_What is expected:_
From the data below, return only the lines from the one with "Grüne, flache Konzept" through the one with "Hình nền đen xanh 3D đầy", exact and inclusive, with pictures left out.

_Input for this task:_

-- -- --

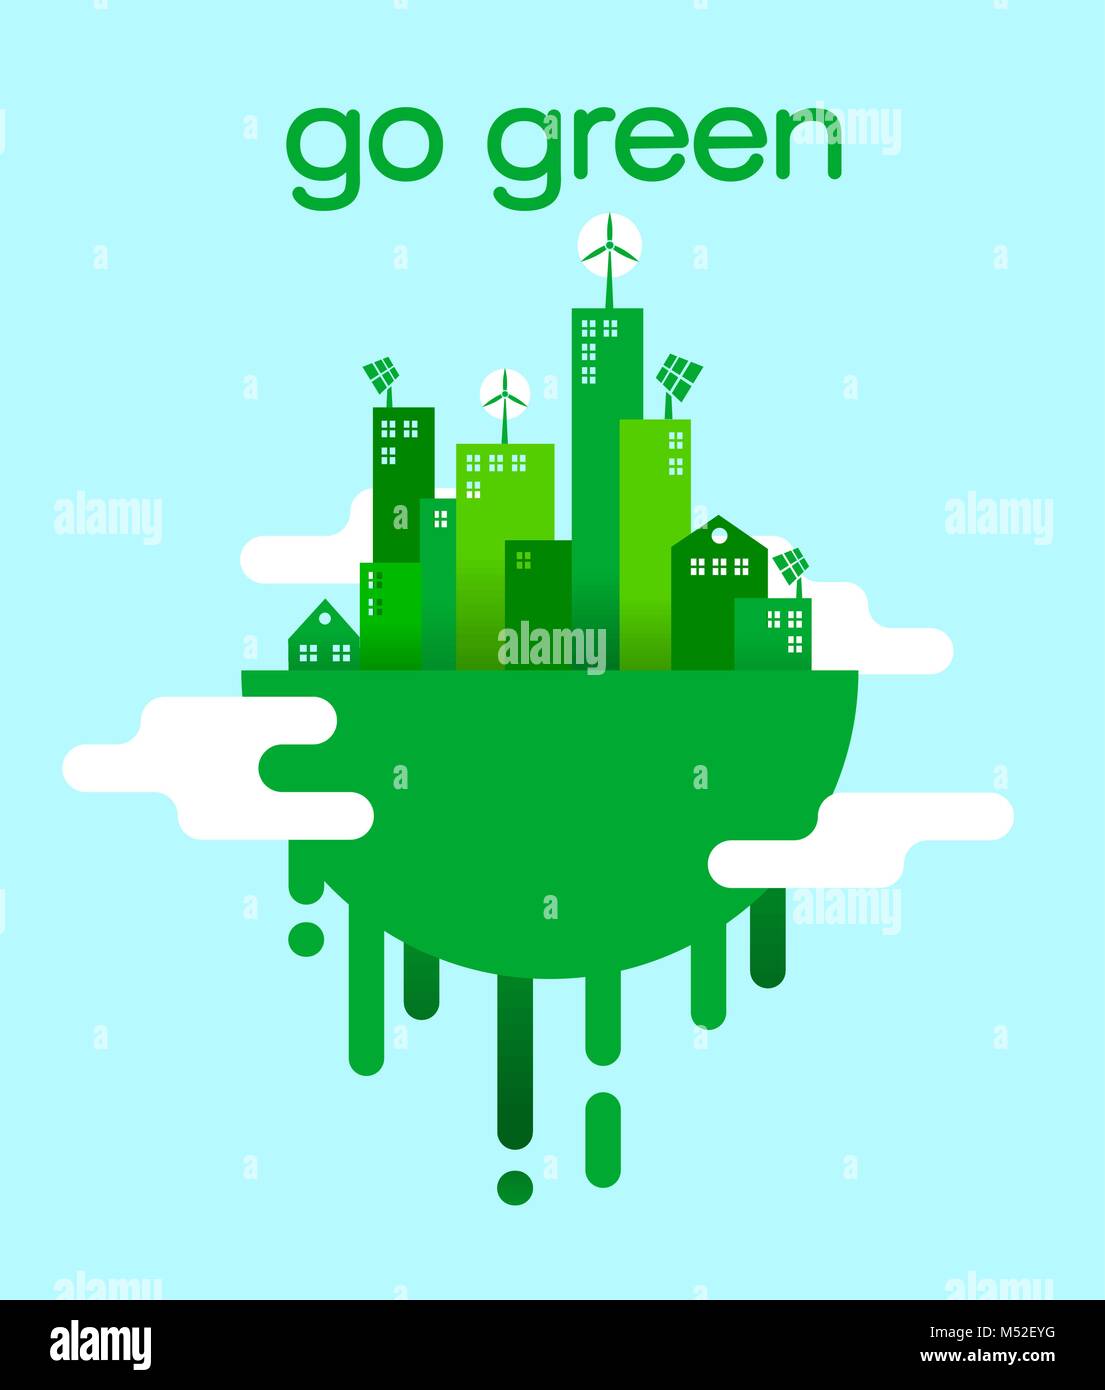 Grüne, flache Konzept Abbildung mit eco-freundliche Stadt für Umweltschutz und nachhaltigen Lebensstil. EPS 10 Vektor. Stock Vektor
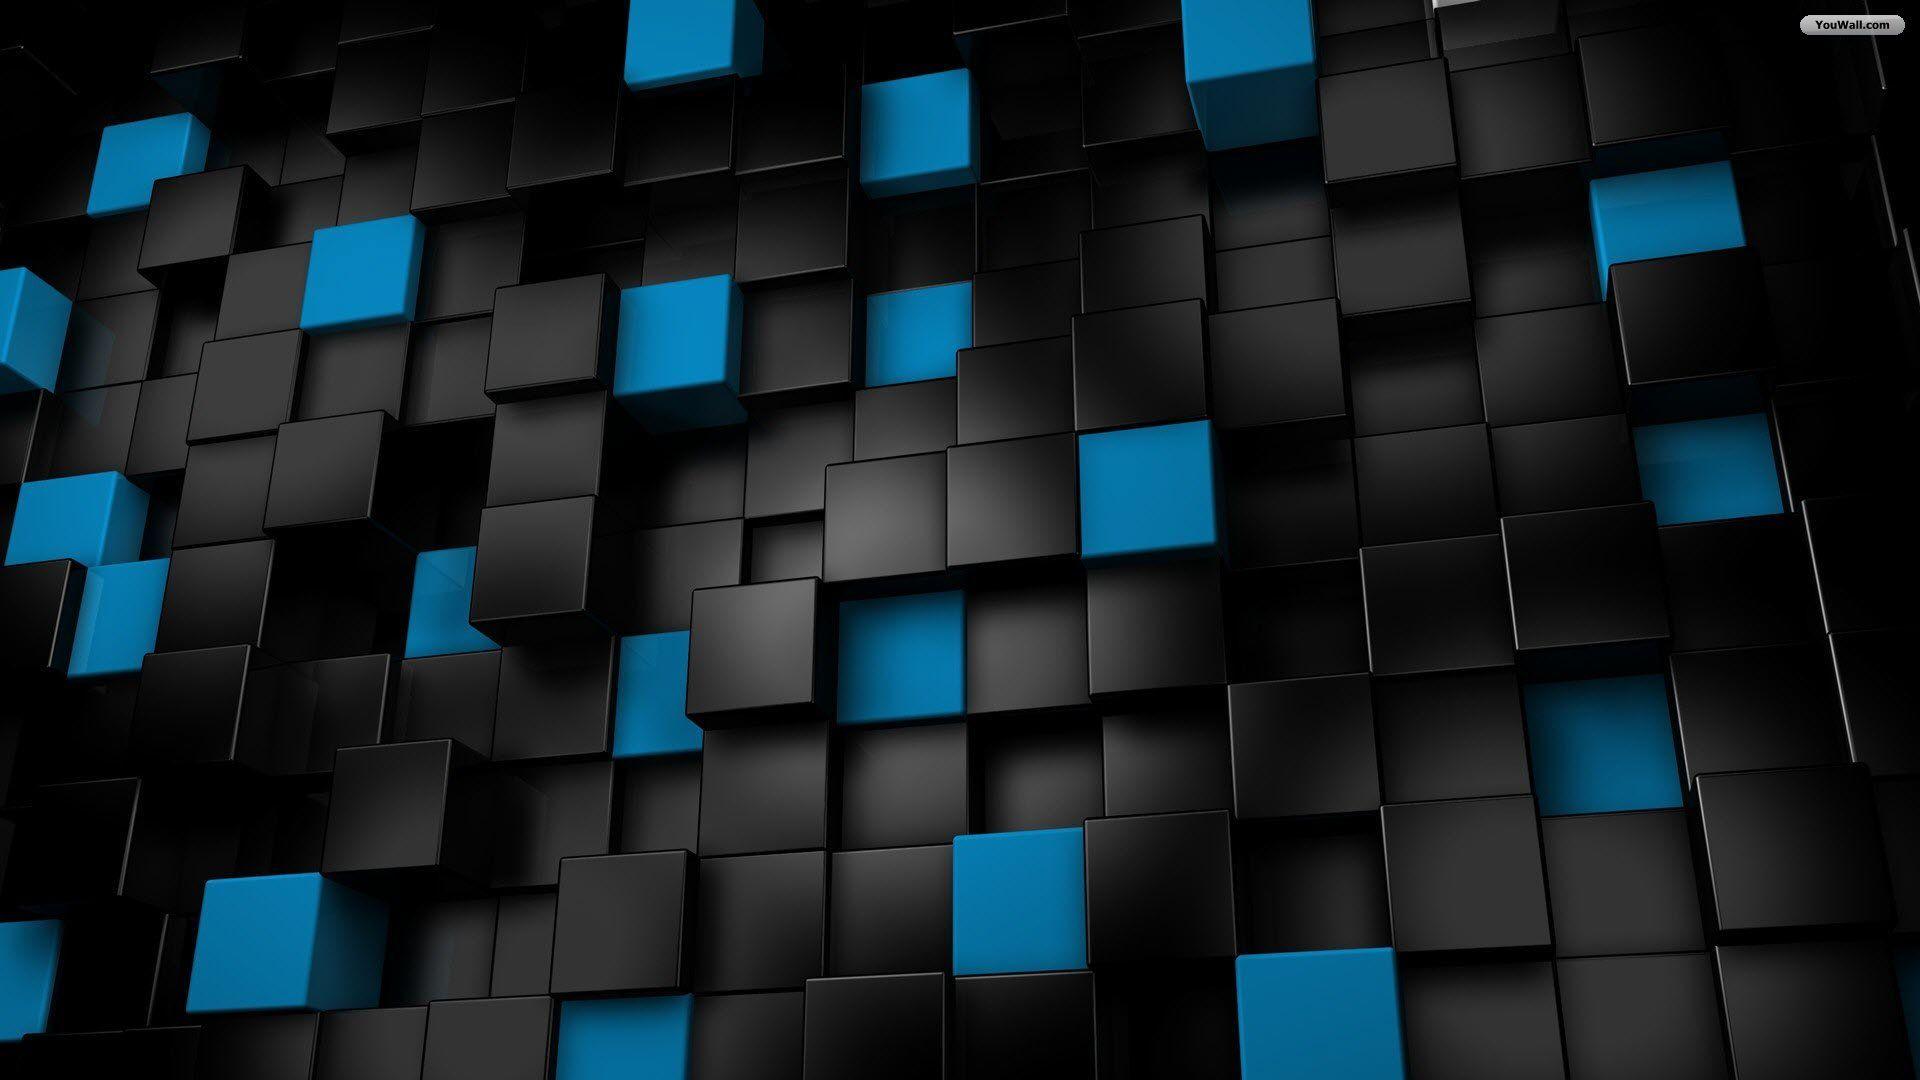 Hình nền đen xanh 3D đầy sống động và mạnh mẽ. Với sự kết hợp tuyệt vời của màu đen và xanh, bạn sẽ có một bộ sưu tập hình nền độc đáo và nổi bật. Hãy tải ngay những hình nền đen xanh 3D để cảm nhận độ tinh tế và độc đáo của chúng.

-- -- --

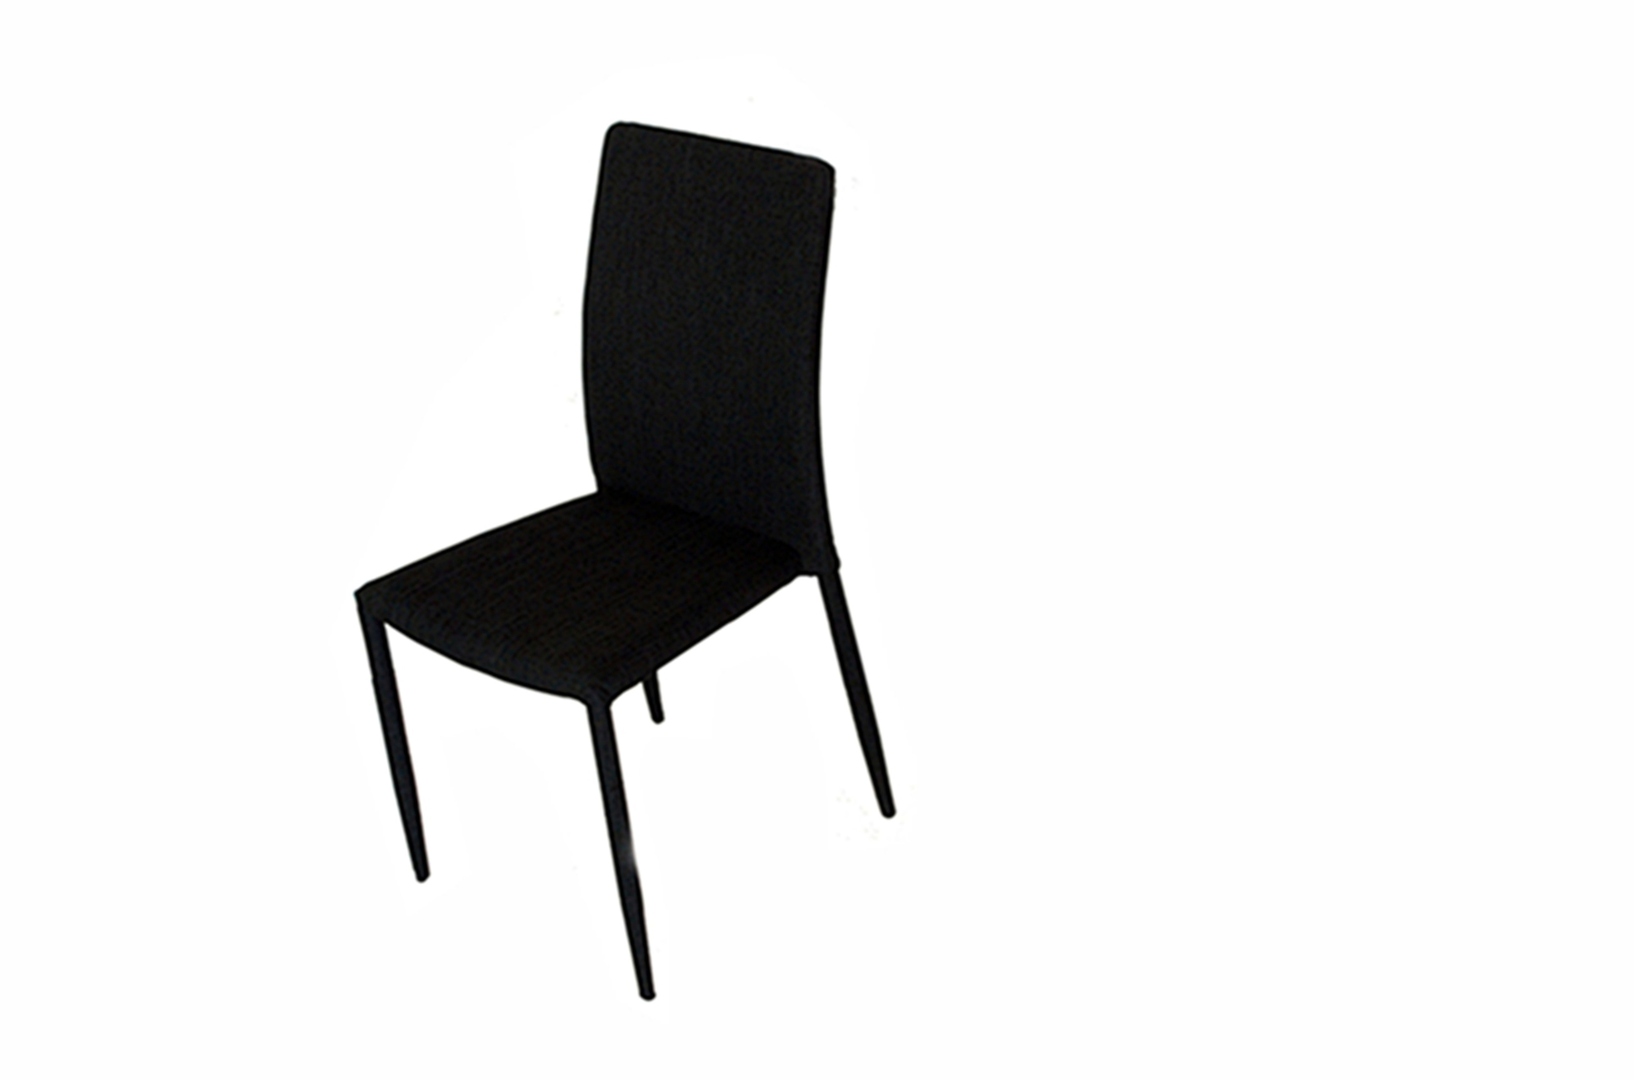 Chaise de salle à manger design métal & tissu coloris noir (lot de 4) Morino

-- -- --

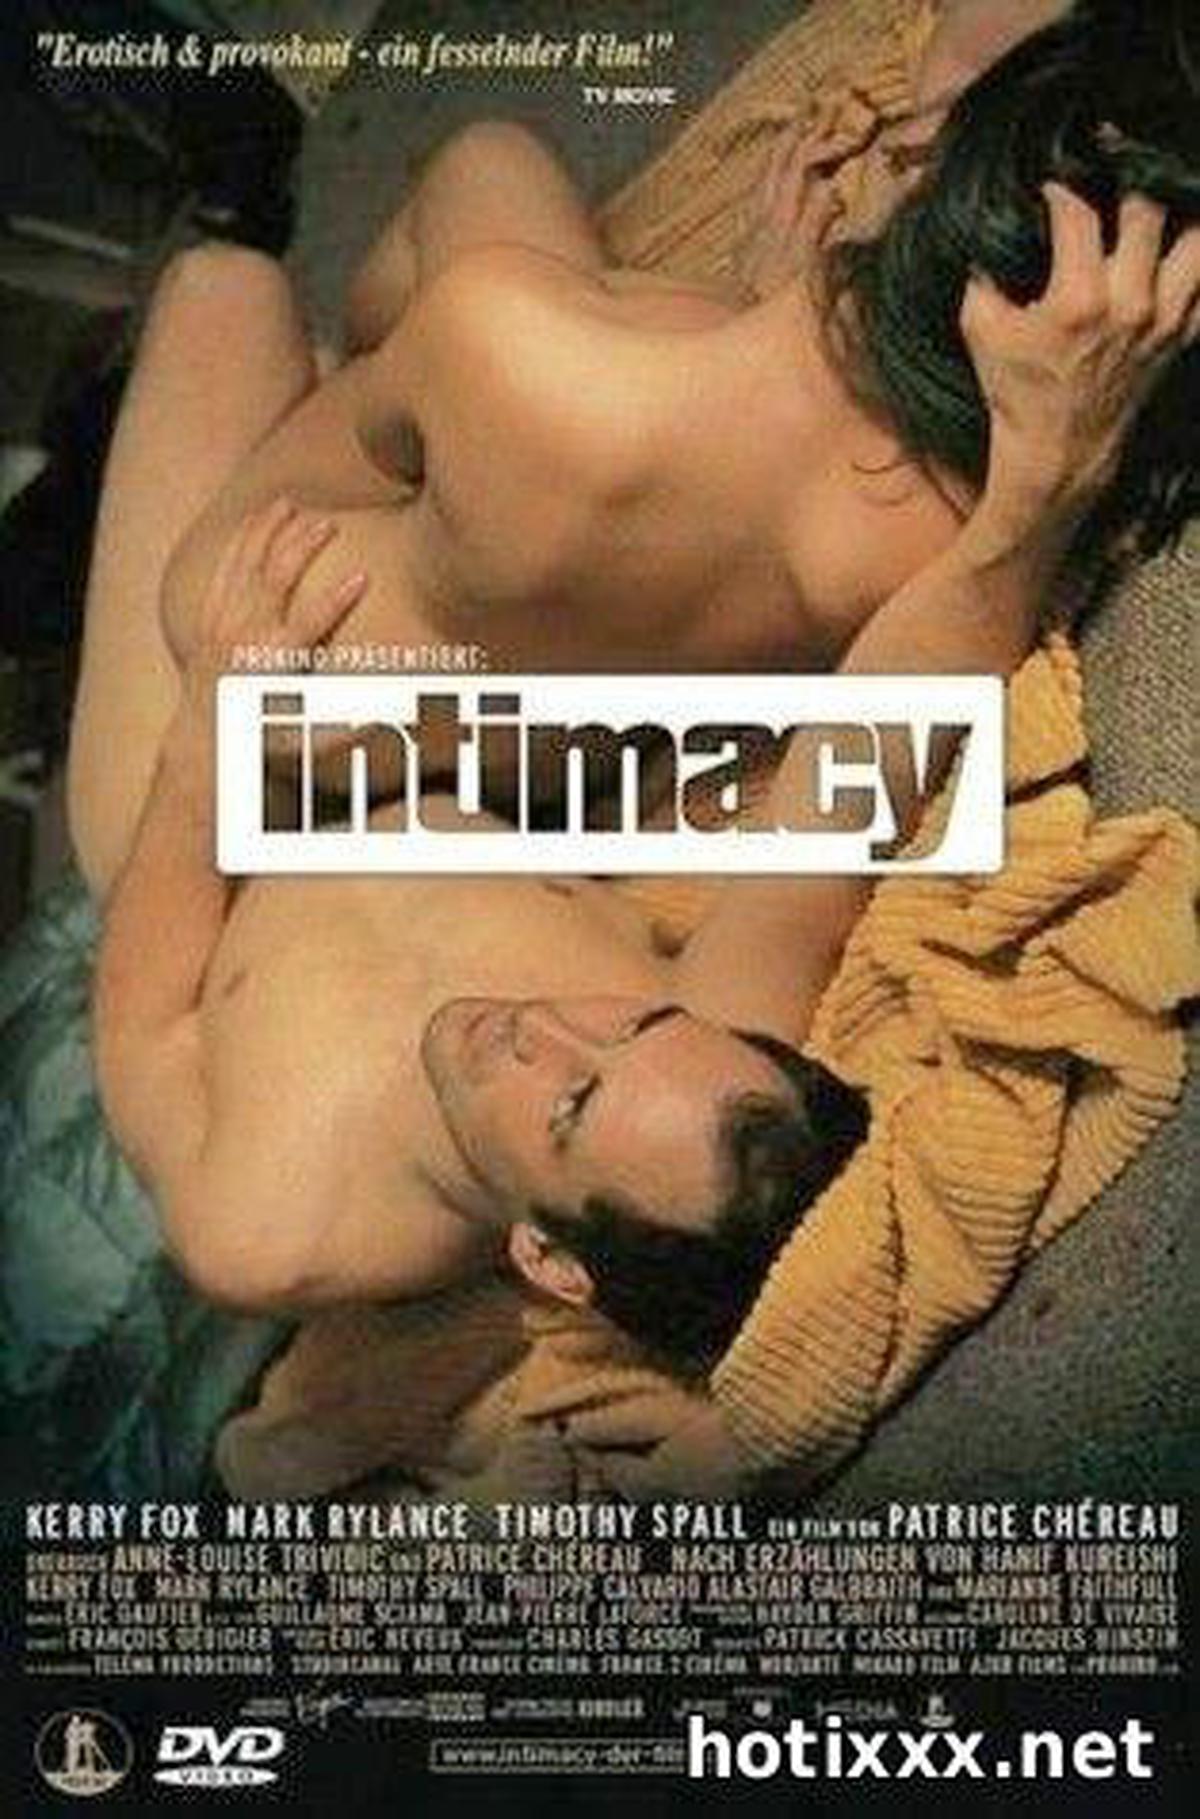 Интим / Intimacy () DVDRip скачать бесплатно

-- -- --

_Response to the exercise:_
 Grüne, flache Konzept Abbildung mit eco-freundliche Stadt für Umweltschutz und nachhaltigen Lebensstil. EPS 10 Vektor. Stock Vektor
 Hình nền đen xanh 3D đầy sống động và mạnh mẽ. Với sự kết hợp tuyệt vời của màu đen và xanh, bạn sẽ có một bộ sưu tập hình nền độc đáo và nổi bật. Hãy tải ngay những hình nền đen xanh 3D để cảm nhận độ tinh tế và độc đáo của chúng.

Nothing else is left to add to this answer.